Witches of East End (2013–14) was noted by critics for its strong resemblance to Charmed, as both shows are about a sisterhood of witches battling evil and live in similar houses, which its executive producer Maggie Friedman has acknowledged. Other witch-themed shows that have been compared to Charmed include The Secret Circle (2011–12) and Hex (2004–05), which was described as "the U.K.'s edgier, oversexed response to Charmed." Eastwick (2009) was noted for its surface similarities to Charmed as it also focused on a trio of female witches, which led director David Nutter to come out and say that Eastwick was not a clone of Charmed. The season four episode of Smallville titled "Spell" also received comparisons to Charmed as it focused on three of its main female characters, who get possessed by a trio of 16th Century witches.

=== Popular culture ===
The depiction of witchcraft in Charmed has had a significant impact on popular culture.
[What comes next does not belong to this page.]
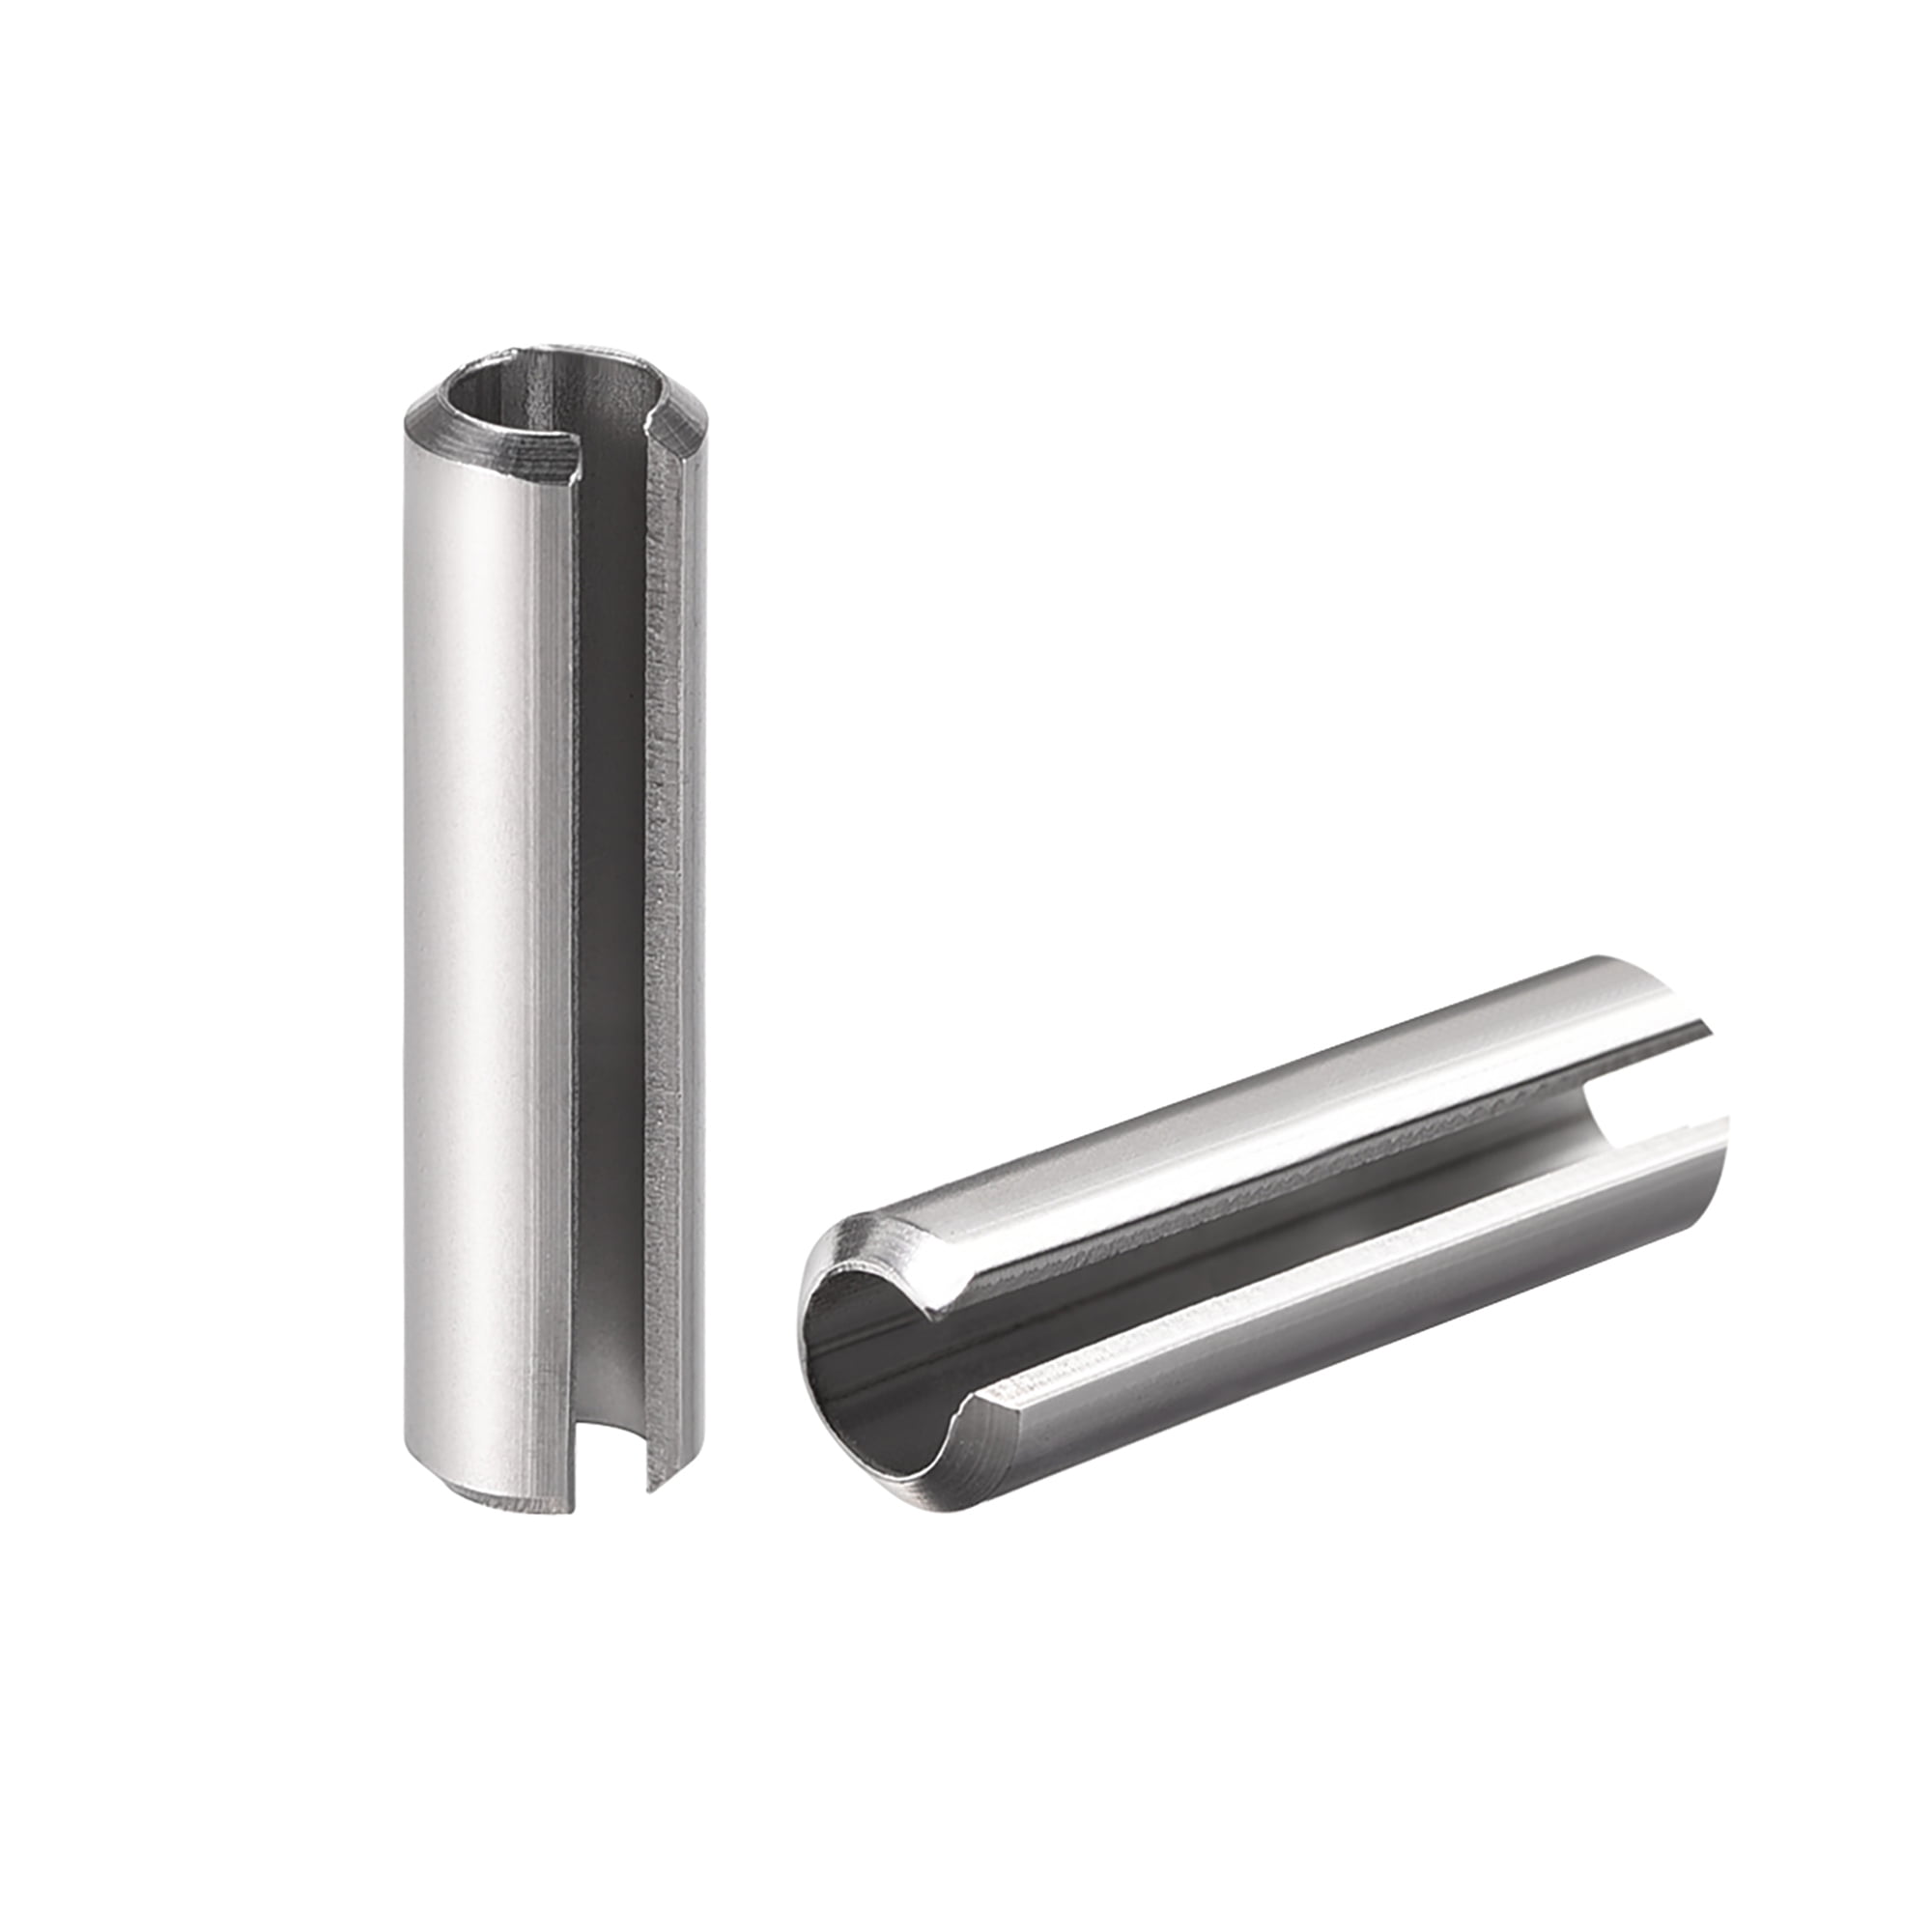 Roll Spring Pin Split Tension Steel Kit Assortment Metric M2 M3 M4 M5 M6 M8 M10

The book Investigating Charmed: The Magic Power of TV (2007) revealed that viewers of the Wiccan religion appreciated the fact that Charmed brought their religion into the public eye in a positive way, through the use of sacred objects, spellcasting, a Book of Shadows, solstice celebrations and handfastings. In 2008, the religious organisation Beliefnet ranked The Charmed Ones at number eight on their list of the "Top 10 Witches in Pop Culture". Beliefnet praised the cultural image of Charmed for its female empowerment, mythology and how the sisters "managed to solve their cases" week-on-week. In 2011, Seventeen magazine named The Charmed Ones ninth in its list of the top fictional witches of all time, while E! Online ranked Piper at number six on their list of "Pop Culture's Top 10 Most Bitchin' Witches". In 2012, the Chicago Tribune placed The Charmed Ones at number seven on their list of "The Top Pop Culture Witches of All Time". In 2014, The Charmed Ones were ranked at number six on the "Pop Culture's Favorite Witches" list by MSN's Wonderwall. In 2016, Piper was also ranked at number six in The Huffington Posts list of "The Top 10 Greatest Witches of All Time".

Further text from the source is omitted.